My apology to veterans


I have led what many would consider a “normal” life.  I went to high school, married shortly afterwards while a college student, eventually embarked on a rewarding career as a social worker, and added 5 children to our family.  We live in a three-bedroom ranch style home, and I drive a ten-year-old car that was purchased used. Considered to be middle class, we enjoy occasional trips to a tiny house we own in New Hampshire, (purchased thirty years ago by my dad.) Hubby has a large family, so we are never at a loss for where to celebrate the holidays, and my Facebook is loaded with interesting and personalized posts from a wide variety of friends and family.

Cleanliness and homemaking are not part of my attributes.

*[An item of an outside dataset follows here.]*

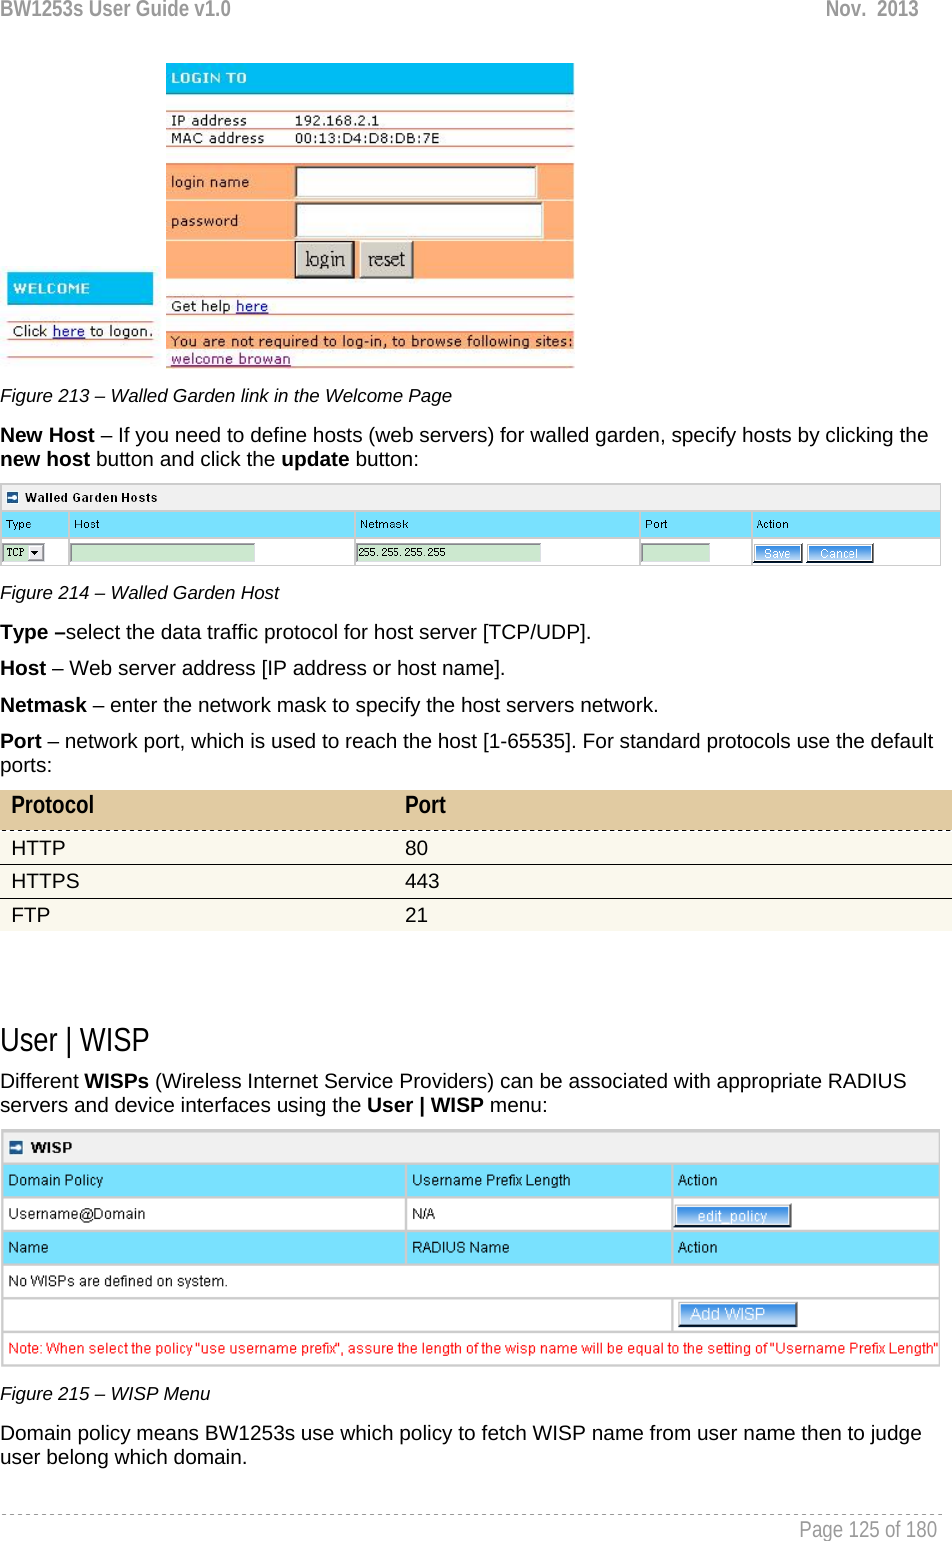 BW1253s User Guide v1.0  Nov.  2013     Page 125 of 180    Figure 213 – Walled Garden link in the Welcome Page New Host – If you need to define hosts (web servers) for walled garden, specify hosts by clicking the new host button and click the update button:  Figure 214 – Walled Garden Host Type –select the data traffic protocol for host server [TCP/UDP]. Host – Web server address [IP address or host name]. Netmask – enter the network mask to specify the host servers network. Port – network port, which is used to reach the host [1-65535]. For standard protocols use the default ports: Protocol  Port HTTP  80 HTTPS  443 FTP  21   User | WISP Different WISPs (Wireless Internet Service Providers) can be associated with appropriate RADIUS servers and device interfaces using the User | WISP menu:  Figure 215 – WISP Menu Domain policy means BW1253s use which policy to fetch WISP name from user name then to judge user belong which domain.

I figure my whirlwind mind equates to a whirlwind house, so I have accepted that fact.  Fortunately, a gentleman who resides in our basement apartment sneaks upstairs while I am at work so he can clean the house, do the dishes, and do the laundry.  It is like having a fictional cleaning elf, but he is not fictional, he is a disabled vet who had been homeless.  My son, Steven, who has always been kind to animals, children, and those with disabilities, befriended him and offered to share his basement bedroom with him, and he has been living with us since then, five, maybe six years.  Nice guy, keeps to himself, likes to play video games, keeps the home spotless which makes me smile every time I walk in the front door from work.

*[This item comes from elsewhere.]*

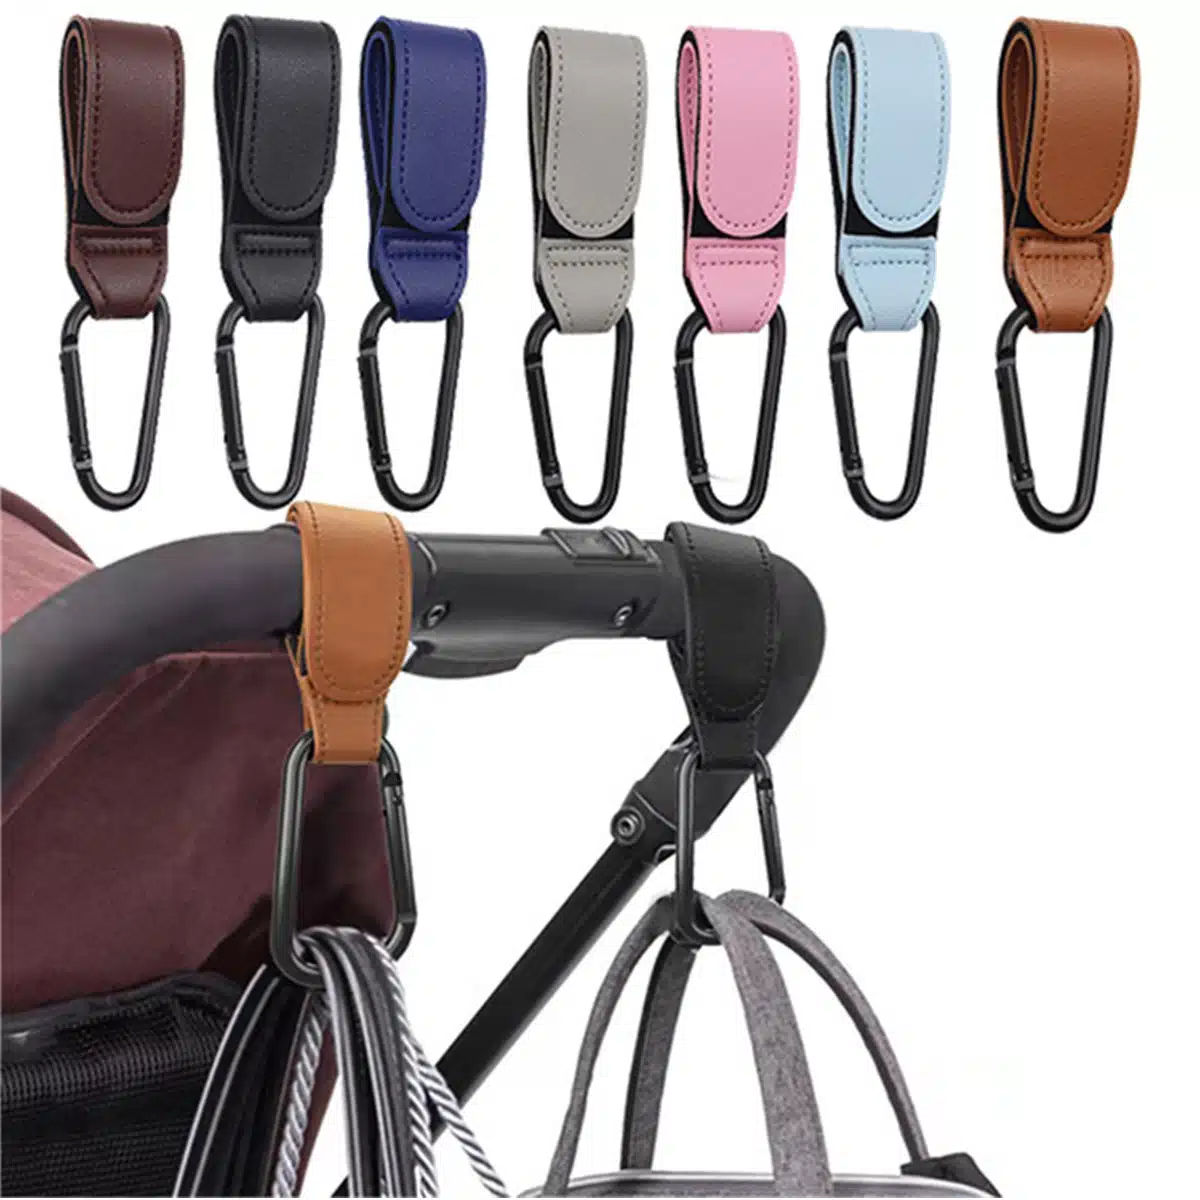 Keep Your Hands Free with the Stroller Hook

I have known other veterans, of course.  My dad served in World War II, and, by my mother’s observations, the way he was when he returned was not the way he was when he went.  They used to love dancing and playing ping pong, interests which disappeared as the result of his war time service.  Instead of being the social life of the party, my dad because withdrawn, often uncommunicative, and paranoid. My mom explained that he had “shell shock”.  Dad had wanderlust, and we traveled cross country for most of the year, living in a Volkswagen van. As a child, I did not understand his errant behavior, and only knew that he was cranky and nothing I did ever seemed good enough.   My mother, always trying to keep the peace, cautioned me not to bother him, so I did not. In retrospect, my relationship with my father is the one thing I will always regret.  As a child, and even as an adult, I could have been much more loving and accepting.  It never occurred to me until now that my father was a disabled vet, although never diagnosed as such.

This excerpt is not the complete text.